2 weeks ago, I felt normal(ish) for the first time in months.
I had hope. I felt relief.
It all came crashing down.
I have a rash all over my body again (and nausea, vomiting, light headedness and digestive issues). The ER doctor didn't think it is a relapse of DRESS Syndrome, but thinks it may be a viral infection. I have to wait for antibody test results to come back.
My liver enzymes are up, after being steadily in the ideal zone for over a month. This means I had to go back on a higher dose of prednisone. The ER doctor only bumped me up to 10mg/day (already my blood sugar is pissed off at me again), I will know once I see the dermatologist if I have to go up more.
The 3 months until I'm off prednisone is slipping away... so it my ability to remain sane.
You can only remain strong for so long.
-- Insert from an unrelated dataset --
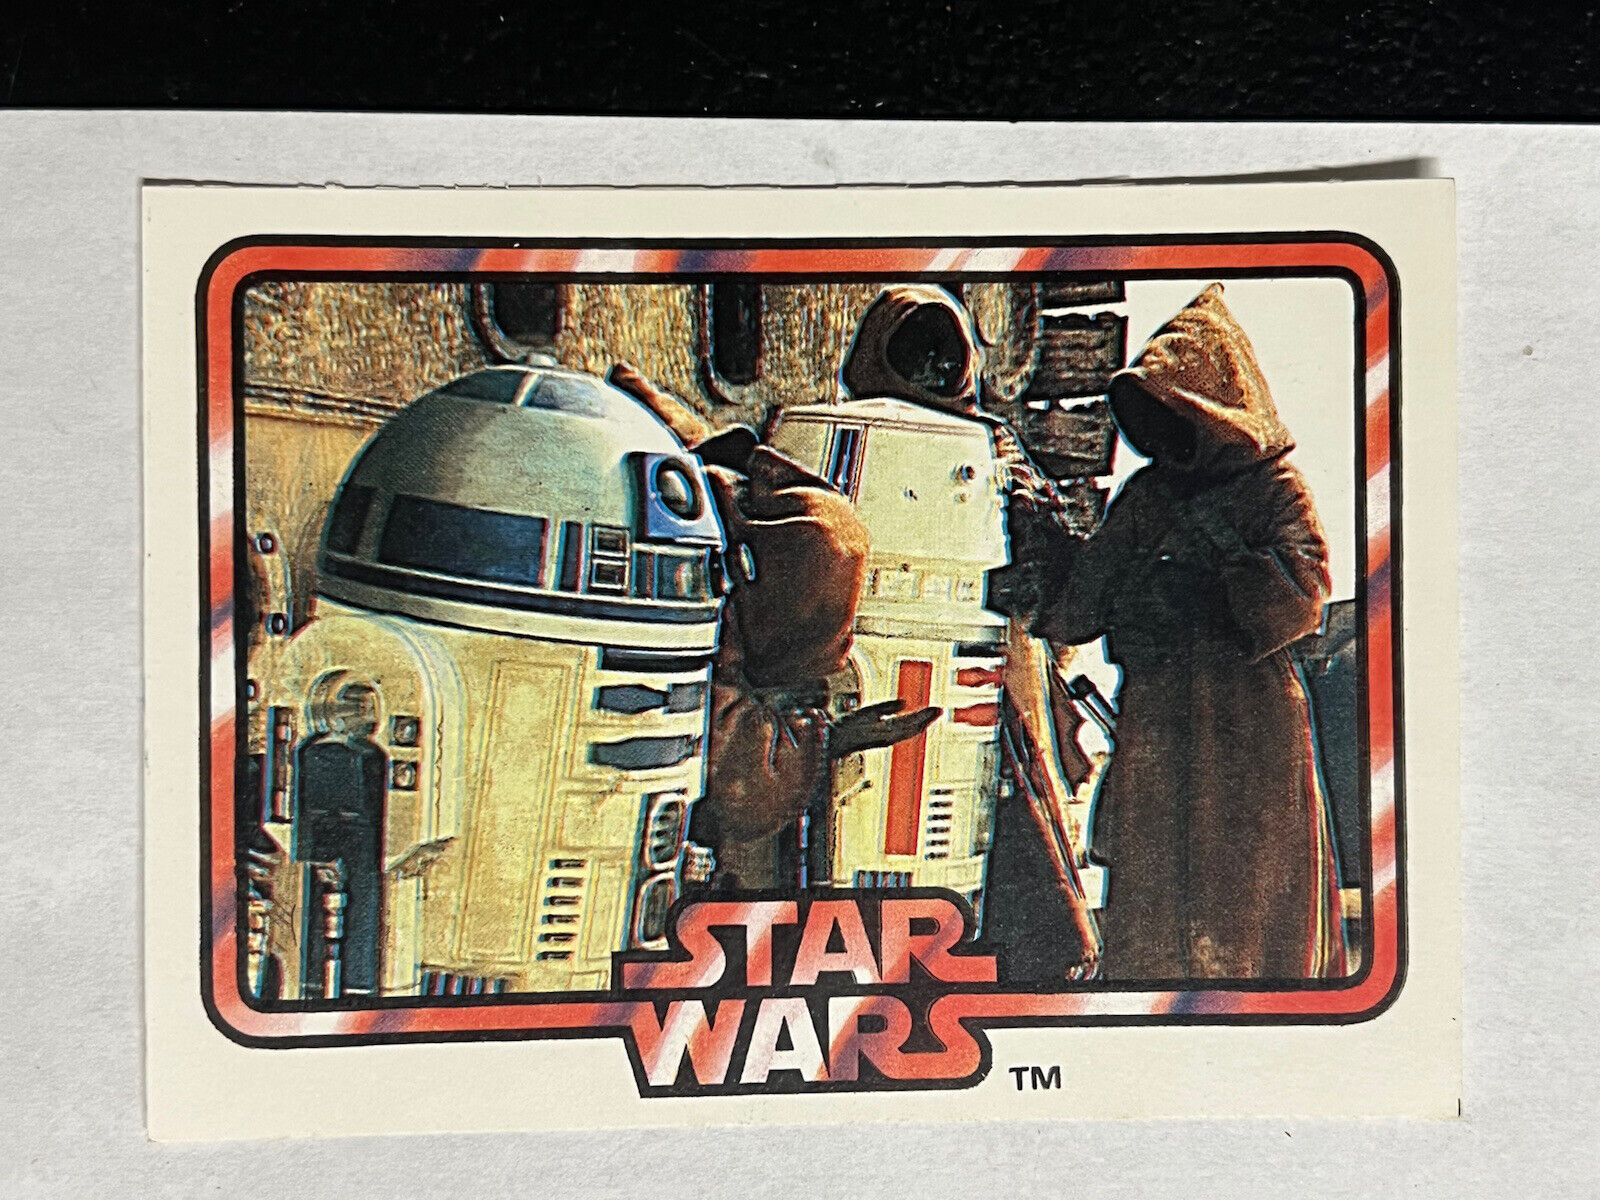 Vintage 1978 Star Wars General Mills Big G Cereals Card #17 of 18 Jawas & R2-D2

I keep reminding myself that last January, when I had my really bad MS relapse, I didn't think I could deal with it... but I did. In July when I developed DRESS Syndrome, I didn't think I could deal with it... but I did. When I got steroid induced diabetes, wild mood swings, a moon face, a hump on my back, I didn't think I could deal with it... but I did.
So why don't I think I can deal with this much longer?
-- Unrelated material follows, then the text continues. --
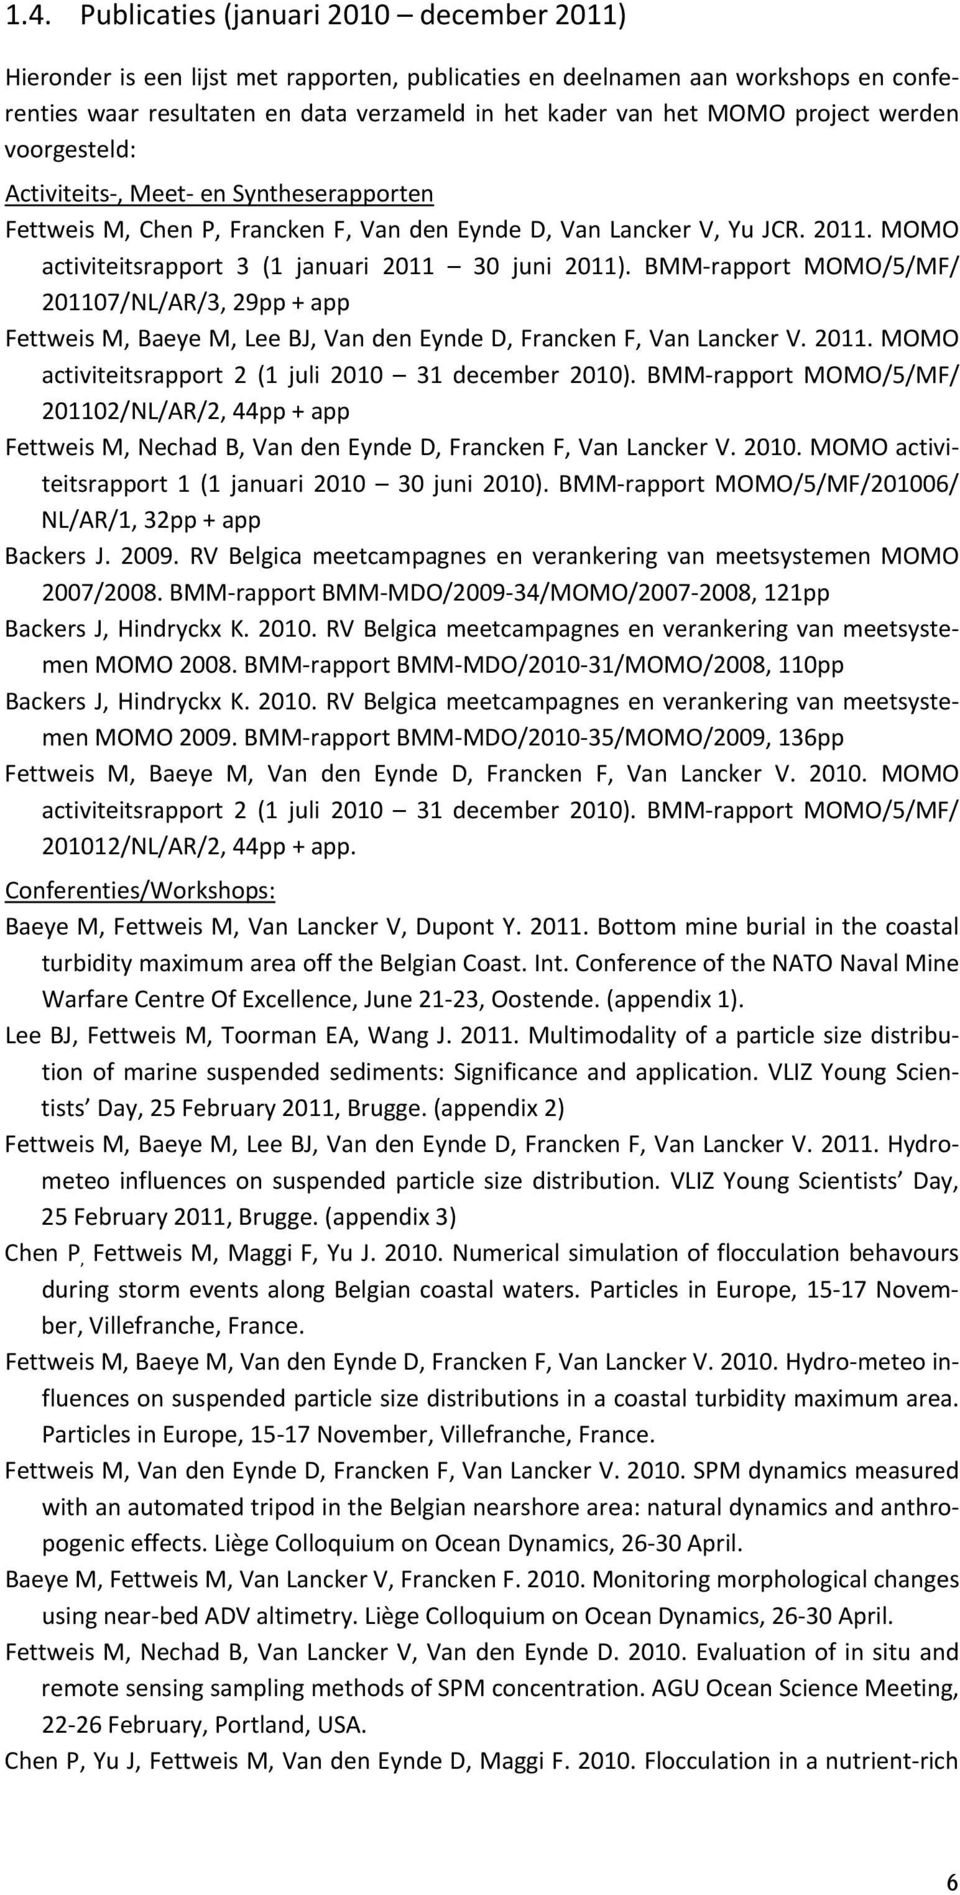 MOMO activiteitsrapport 3 (1 januari 2011 30 juni 2011). BMM rapport MOMO/5/MF/ 201107/NL/AR/3, 29pp + app Fettweis M, Baeye M, Lee BJ, Van den Eynde D, Francken F, Van Lancker V. 2011. MOMO activiteitsrapport 2 (1 juli 2010 31 december 2010).

With MS I get breaks. Things go back to not being so horrible. Sometimes not as good as they were before, but a break from the mental and physical exhaustion that comes with a relapse. I don't get that break with this... I get gradual, slow progressions of kind of, sort of being a bit better... and then it all gets screwed up some how.
I just want a break from everything, before I break.